The Africa Society will continue to engage in decolonial conversation in Oxford. These have included the recognition of those obligations that arise out of colonial wrongs through, for instance, reparation movements, as highlighted by acclaimed reparationist Esther Stanford-Xosei, whom the Africa Society hosted earlier this year. Critical scholarship such as Stanford-Xosei’s demonstrates that neither the reparation movement, nor the damage it is campaigning against are a thing of the past. It exposes how  colonial legacies continue to  contribute to the ongoing destruction of indigenous knowledge systems and perpetuate post-colonial plunder.

It is scholarship such as Gilley’s article and Biggar’s sympathetic commentary that manifest a deep colonial nostalgia that provides fertile ground where misconstruals of the past can grow and contribute to mis-education and misguided decisions in the present.

Therefore, the Africa Society is shocked and disappointed that Biggar is leading a 5 year ‘Ethics and Empire’ workshop hosted by Oxford University's McDonald Centre of Theology, Ethics and Public Life. Of the manifold worrying features of the workshop is its ‘invitation only’ nature and the absence of people from former colonies judging from the attendees of the first workshop in July 2017. If Biggar and his co-organisers were truly dedicated to ‘critiques of empire’, they would not rig these workshops by wholly excluding critical scholars. This can only lead to an outcome akin to Gilley’s article: empirical falsity, ahistoricity, and the failure to engage interdisciplinary critiques of colonial legacies. In the avoidance of doubt, the Africa Society does not seek to participate in Biggar’s bigoted workshops or any other event organised by him. Biggar has already proven himself incapable, having unsuccessfully debated with Africa Society Members and Rhodes Must Fall in Oxford activists in the 2016 Oxford Union Debate where he argued that apartheid architect Cecil Rhodes was not a racist.

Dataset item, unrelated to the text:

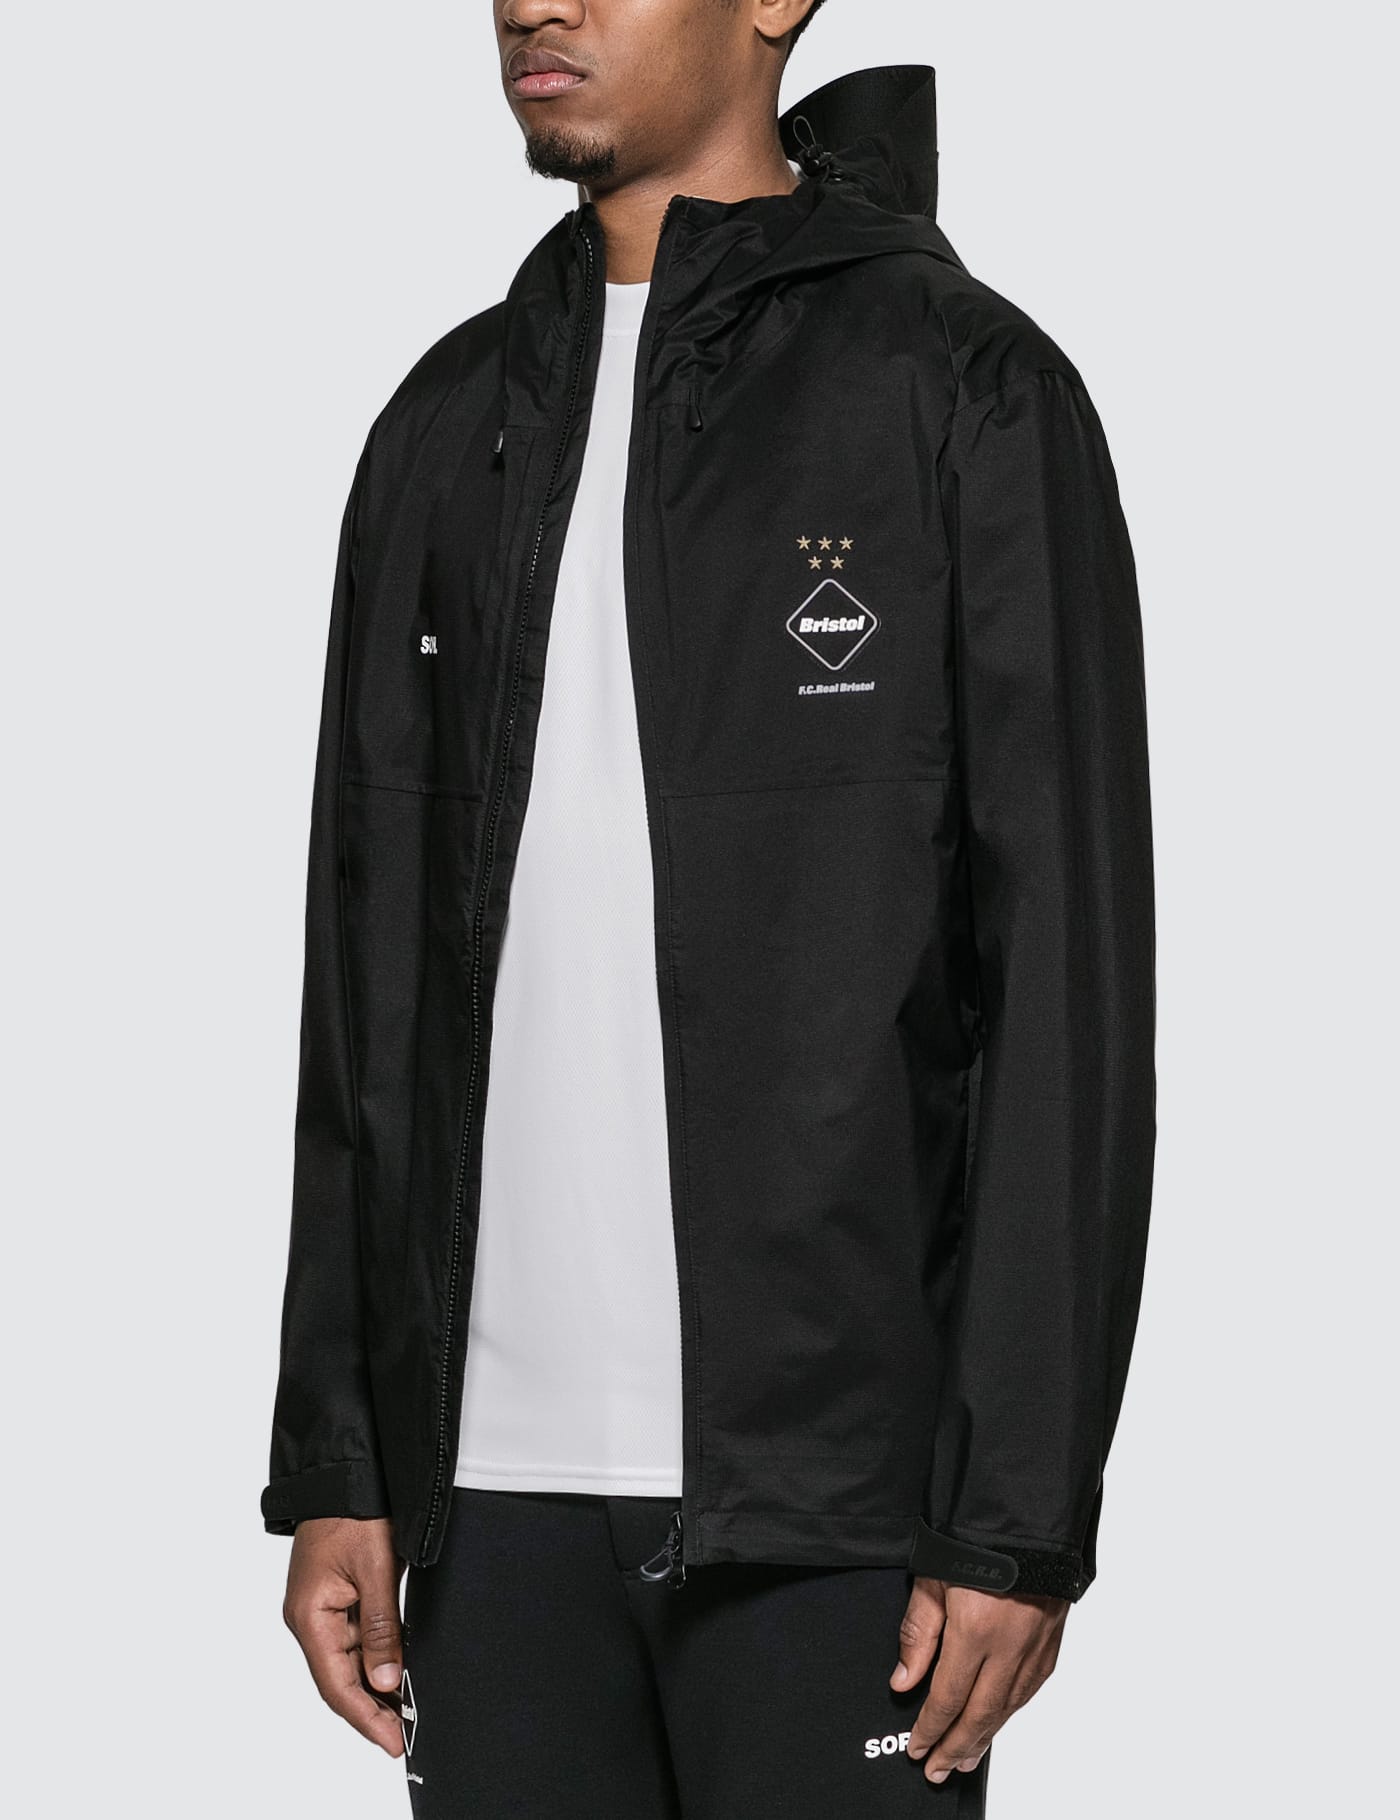 F.C. Real Bristol - Rain Jacket | HBX - Globally Curated Fashion 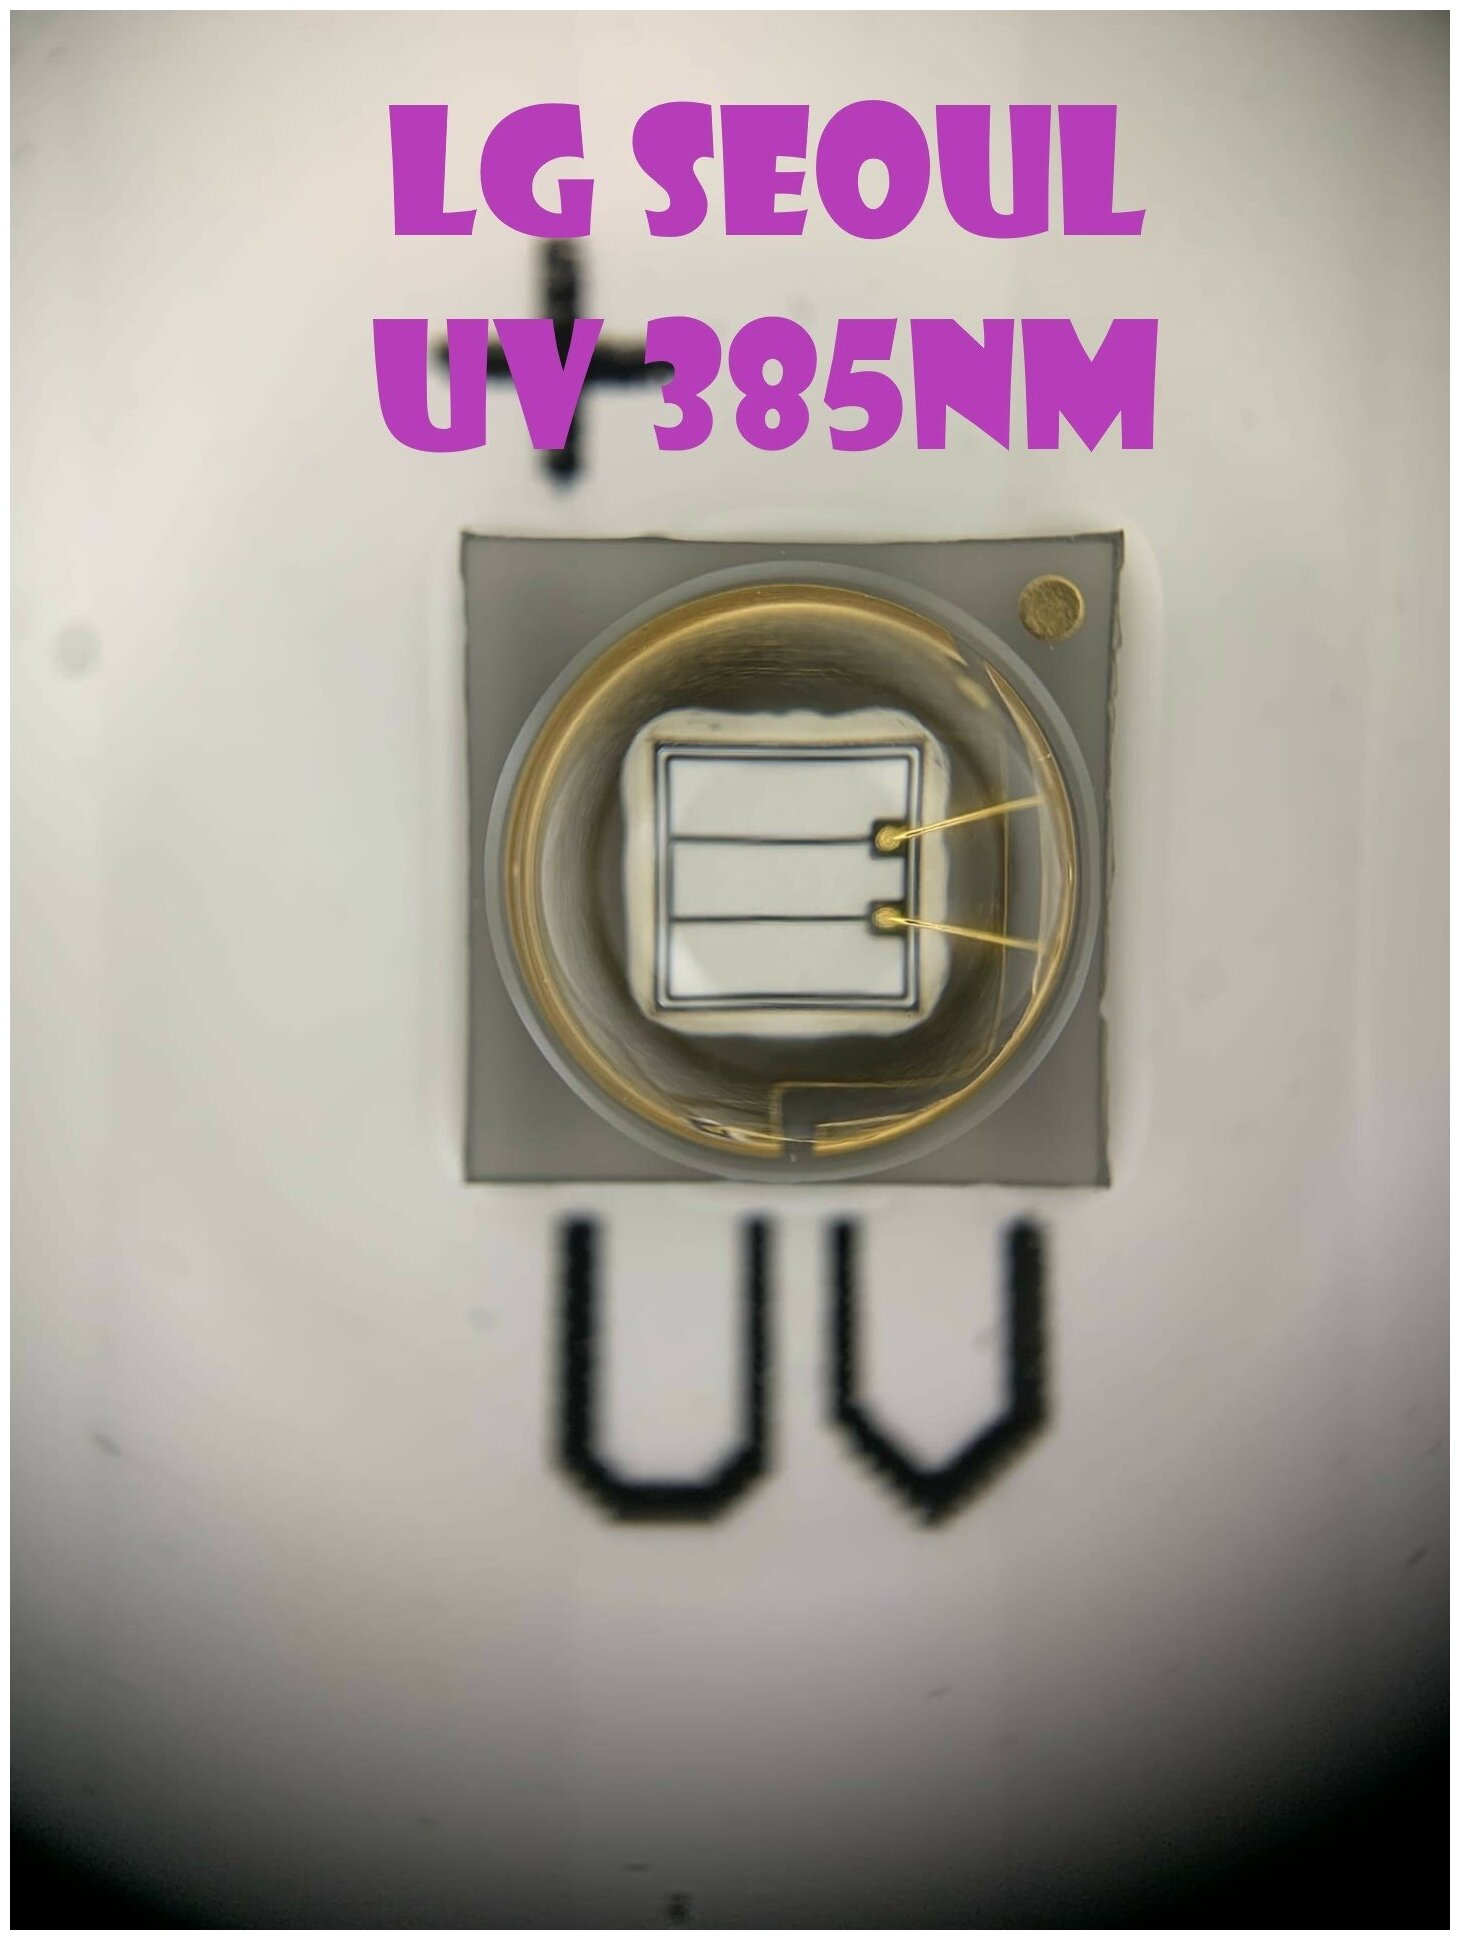 Quantum board 240w Samsung LM301H NEW OSRAM V4 660nm+IR LG SEOUL UV 385nm ( Фитолампа для растений полного спектра, Квантум борд 240 ватт ) - фотография № 10

In closing, the pro-colonialism work pursued by Biggar and others within Oxford reveals a continued urgency to decolonise Oxford; while Oxford claims to represent a rich history of academic freedom, the ease with which it employs genocide deniers like Biggar, glorifies mass murderer like Cecil Rhodes and Christopher Codrington, and admits a paltry number of Black students continues to demonstrate its fundamental colonial nature. To this end, the Africa Society associates itself with the statement by the student movement Common Ground on the issue and supports its works. This demonstrates that scholars should do more to counter ahistorical views that feed justifications of oppression and the supremacy of Western societies over others. The Africa Society will continue to provide such much needed engagement within Oxford in the forthcoming terms and challenge the racist views that prejudice Africans and others within the University.

Oxford only retains three Black full Professors, yet a number of academics willing to publish works of colonial nostalgia, of which Biggar is one example. Therefore, the Africa Society calls on University of Oxford’s administration to increase resources and programmes dedicated to fostering diverse, pluralistic and decolonial scholarship including the meaningful study of history and legacies of colonialism and imperialism.